Reconstructing breast cancer transcriptional networks, we developed a platform to address specific questions for BC in general and for specific BC subtypes: i) Which are the genes possibly driving clinical features? ii) Can we identify upstream regulators or downstream targets of specific signalling pathways? iii) Are there specific gene interactions explaining the phenotypic differences between cancer subtypes? Our platform represents a tool to address these and many other biological questions, identify key regulatory genes and drive experimentally-testable hypotheses.
Results
Network construction
We applied WGCNA (Weighted Gene Coexpression Network Analysis) (Langfelder & Horvath, 2008; B. Zhang & Horvath, 2005) to a wide primary breast tumour transcriptome dataset (METABRIC) (Curtis et al., 2012), defining 21 modules of co-regulated genes across all patients (Suppl. Fig. 1). Modules’ names were assigned by analysing the Hallmarks sets defined by the Molecular Signature Database (http://software.broadinstitute.org/gsea/msigdb), choosing the gene set displaying the most significant enrichment among the module’s genes. NC denotes the modules for which no significant enrichment was found. These groups of genes were confirmed to be robust, being significantly co-regulated both in an independent primary breast tumour dataset (TCGA-BRCA) and in a panel of breast cancer cell lines (http://cancergenome.nih.gov/, Daemen et al., 2013, Suppl. Fig. 2). Moreover, the relationships between genes within each module were confirmed by their enrichment in interacting proteins, as obtained from STRING protein interaction database (Jensen et al., 2009) (not shown). Based on these networks we developed two lines of investigation, aimed at identifying genes most likely involved in i) determining clinical features and ii) being part of selected signalling pathways linked to cancer aggressiveness.
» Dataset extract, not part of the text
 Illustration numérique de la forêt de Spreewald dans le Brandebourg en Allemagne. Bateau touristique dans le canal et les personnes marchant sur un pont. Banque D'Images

Transcriptional networks are correlated with clinical features
To identify transcriptional networks related with clinical features we calculated for each patient the correlation between modules’ expression and clinical features such as tumour grade and age at diagnosis, as a proxy of age at onset (Fig. 1A). As a measure of module’s expression we used the eigengene, i.e. the ideal gene that best represents the whole module (B. Zhang & Horvath, 2005).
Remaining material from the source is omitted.